이상의 본 발명은 상기에 기술된 실시 예들에 의해 한정되지 않고, 당업자들에 의해 다양한 변형 및 변경을 가져올 수 있으며, 이는 첨부된 청구항에서 정의되는 본 발명의 취지와 범위에 포함된다. The present invention is not limited to the embodiments described above, and various modifications and changes can be made by those skilled in the art, which are included in the spirit and scope of the present invention as defined in the appended claims.

따라서 본 발명은 일반적인 정보 검색 경로에 대한 빈번한 검색 경로를 추출하는 효율적인 방법 및 시스템에 대해 제안한다. 특징적인 것은 역방향 경로까지 고려한다는 점과 집합 개념이 아닌 순서개념을 적용함으로써 가장 일반적인 형태 기반 패턴을 추출할 수 있다는 것이다. Therefore, the present invention proposes an efficient method and system for extracting frequent search paths for general information search paths. The distinction is that the backward path is considered and the most common shape-based pattern can be extracted by applying the order concept rather than the aggregation concept.

Claims

In the system that receives the result of the information retrieval application that can be represented by the graph model and extracts the most frequent search path pattern among them,

A module for receiving the search information of users (systems) as input and converting the input information into a graph model before extracting the search path pattern from the search information;

A database or external file store in which the converted information is stored;

A most frequent search path pattern mining module for extracting frequent search tastes of a user by inputting the converted information;

The most frequent search path pattern extraction system, comprising a GUI module for displaying the result path visually showing the search pattern visually by visualizing the results of the mining module in the form of an initial search information or a graph.

The method of claim 1, wherein the graph model,

The most frequent search path pattern extraction system, which is a directional and weightless graph that matches information or websites searched by a user (system) with nodes in a graph and matches searched paths with directional edges.

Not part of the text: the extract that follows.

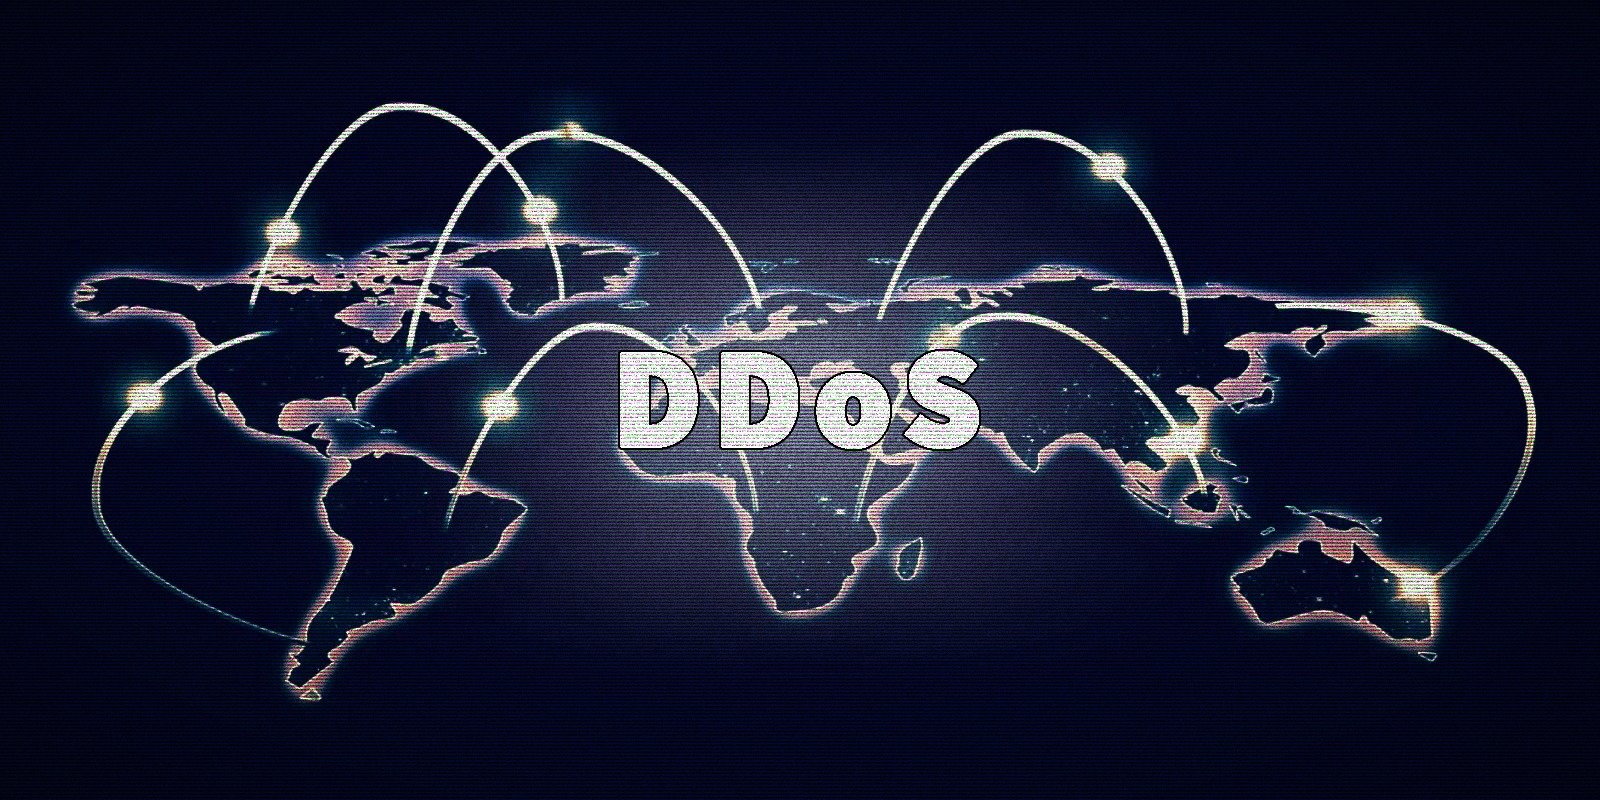 Bijgewerkte RapperBot-malware richt zich op gameservers in DDoS-aanvallen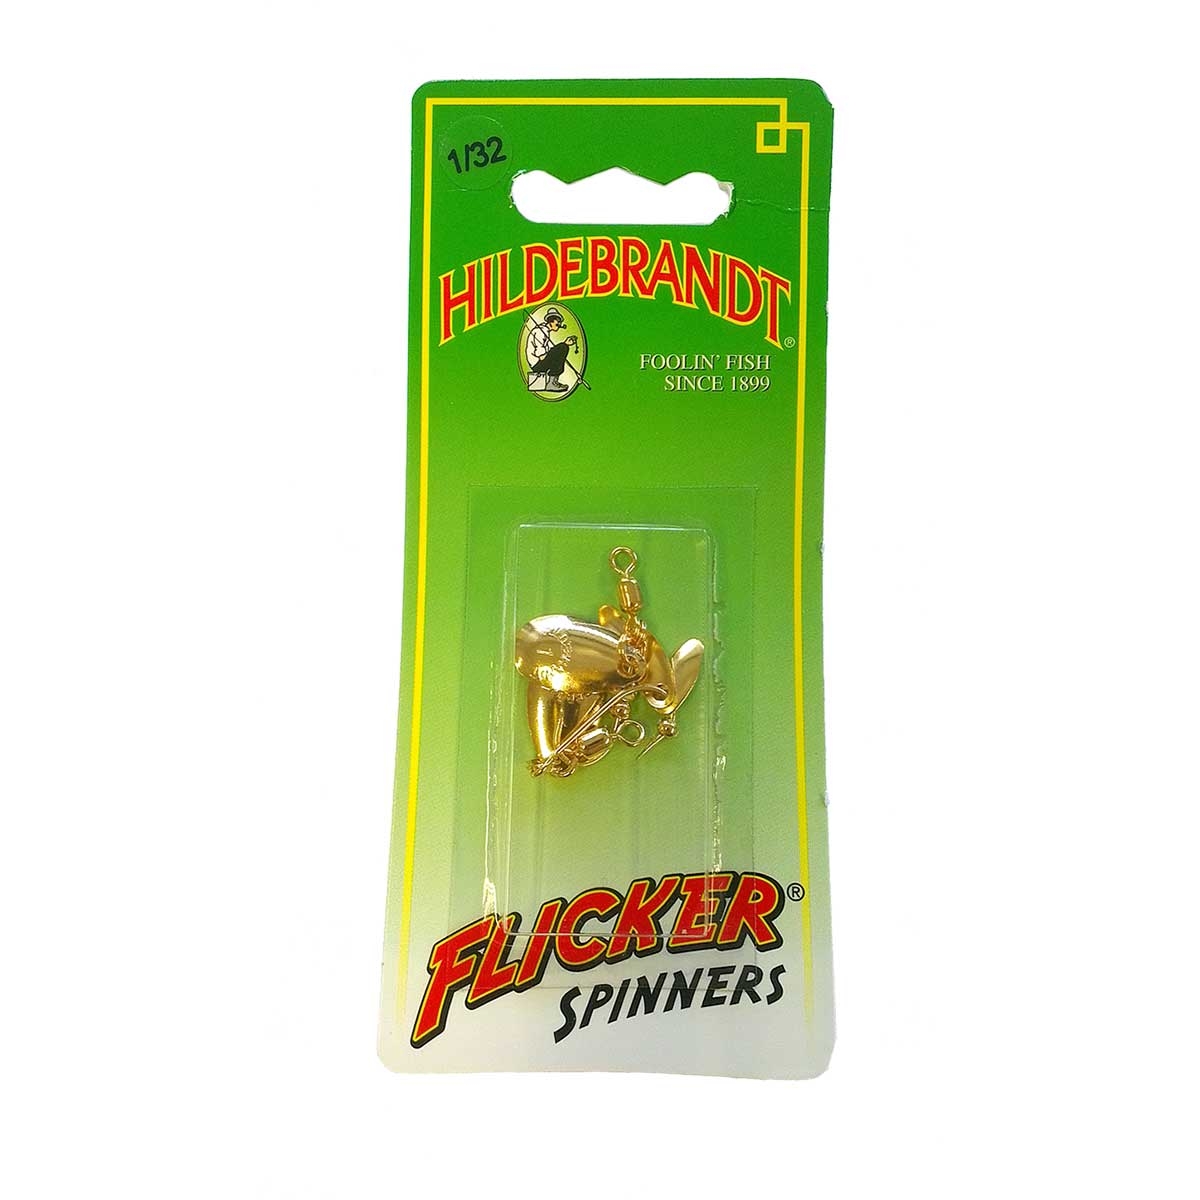 HILDEBRANDT Flicker Spinners 1/40oz Gold

In the search path mining method applied to the mining module,

A first step of receiving a graph model of search information obtained from an application from a database or a file;

A second step of retrieving the number of occurrences of each node having a path length of 1 from the graph model in this model;

Extracting only a subpath of a predetermined number of occurrences or more initialized in the method;

A fourth step of generating a subpath of which length is increased from the extracted subpath;

A fifth step of searching the graph model for the number of occurrences of the newly generated secondary path;

A sixth step of repeating the preceding step until the occurrence frequency of all the sub-paths is zero;

And a seventh step of finally outputting the negative path having the greatest number of occurrences.

The method of claim 3, wherein the third step,

The least frequent search path pattern mining method, characterized in that the method may initialize a predetermined number of occurrences or allow a user to designate it separately.

The method of claim 3, wherein the third, fourth, fifth, sixth, seventh sub-paths,

The least frequent search path pattern mining method characterized by maintaining the order, not the set.

The mode of least frequent search path pattern mining comprising a forward path as well as a reverse path to allow node duplication in the secondary path.